Consider that we’re running a shipping company which delivers products to our customers in different parts of the country. As with any business, we want to improve our customer experience. There are several metrics we can measure for gauging customer satisfaction, including:
- The rate at which the product was delivered to them
- Whether the product was damaged or not
- Was the correct product delivered? etc.
This data is processed and displayed in the form of lucid reports which makes it easier to bring home the insights. So, if the chart for the rate of delivery displays a lower rating than expected, we can try to find the root cause and improve the delivery speed.
The Role of a Business Intelligence Professional
Now, what does a business intelligence professional do? I’m sure this must have crossed your mind while going through the above scenario. Below are a few common tasks a typical BI person does:
- Write (SQL) queries or connectors to fetch data from relational/NoSQL databases
- Write (SQL) queries to process data and calculate the business metrics
- Design code to create charts with interactive widgets to visualize the business metrics
- Create dashboards from the charts and deploy them to be used by the end user
The skillset required to become a BI professional varies from project to project. But broadly, you would need to have a solid knowledge of a BI tool, such as Tableau, PowerBI, Qlik, along with some experience in a programming language like Python, R or SQL. Knowledge of the domain and structured thinking are also sought after.
Power BI is one of the most popular and powerful BI tools out there. That will be our focus in this article. Before we get there, here’s a wonderful illustration of a typical business intelligence architecture:
What is Power BI?
Power BI is a popular and incredibly powerful business intelligence tool developed by Microsoft. It has different flavors and offerings. The most basic version is free but it has the ability to perform mid-sized business intelligence exercises easily.
In broad terms, Power BI is a cloud-based business analytics solution suite that provides the necessary tools to turn vast volumes of data across silos into accessible information. It has been consistently ranked in the Gartner BI Magic Quadrant.
Power BI is popular for its versatility, interactivity, aesthetic designs, extensive connectivity to databases and ease of creating low-effort dashboards. It also leverages support from other tools from its Microsoft ecosystem – Azure, Cortana, SQL Server, Azure Active Directory, Azure Blob Storage, etc.
Here are a couple of cool things Power BI can do:
- Real-time alerts and visualization for monitoring the health of manufacturing equipment. This is done by passing IoT sensor data through IoT Azure Hub, Azure Data Factory, Cognos DB and then analyzed in Power BI
- Create and fetch charts and Power BI reports and dashboards by giving voice instructions using Windows voice assistant Cortana
Data Analytics Expressions (DAX): What are they and why are they needed?
We can read data into Power BI from CSV files or from a database. We can also merge tables in Power BI. Quite often, the data required for plotting is readily available in table columns (though that’s not always the case).
Consider a situation where we need to modify or change the data to improve our dashboards.
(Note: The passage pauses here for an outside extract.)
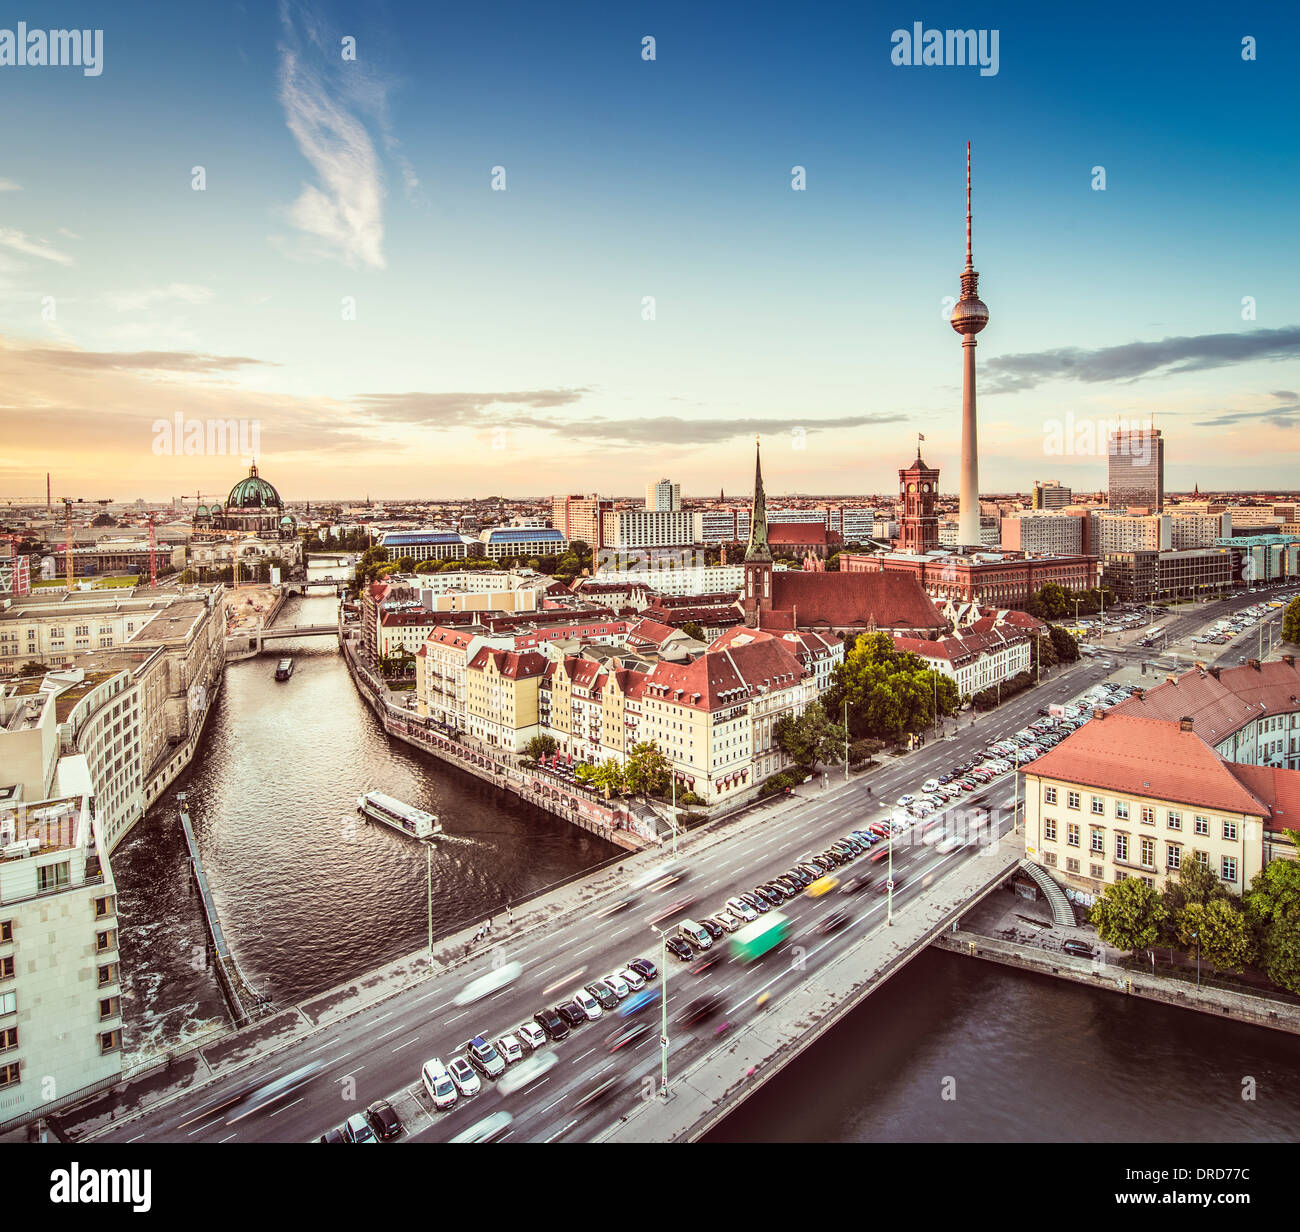 Berlín, Alemania vistos desde arriba del río Spree. Foto de stock

Suppose those custom modifications we need are not readily available in Power BI. What do we do then? How can we perform this kind of modification and data analysis?
The answer is DAX (short for Data Analysis Expressions). DAX is used to bring some meaningful information hidden inside the raw data. In simple words, DAX is used for data manipulation.
There are certain rules we have to follow for using DAX. You’ll understand these rules quickly if you are familiar with Excel functions. DAX is just an advanced form of that.
There are two places where we write DAX:
- Calculated Column
- Calculated Measure
Let’s see what both of these stand for:
- Calculated columns are very similar to regular columns that we see in most datasets. The difference is that calculated columns are the result of our computations by using two or more columns or using columns from different tables. They can be used when we want to perform row-wise calculations
- Calculated Measure, on the other hand, is similar to a calculated column. However, they do not occupy any physical memory and their results cannot be seen in the form of a column. We usually use this when we want to perform dynamic computations on a group of rows or by grouping data together
Implementation of DAX Functions in Power BI
We will work on a few useful DAX commands and their functions in this section. We will be using the ‘Sample Super Store’ dataset. You can download the dataset here and start experimenting on your own as well!
The dataset contains three tables – ‘Orders’, ’Returns’ and ’Users’. Go ahead and load the Sample Superstore dataset Excel file into Power BI.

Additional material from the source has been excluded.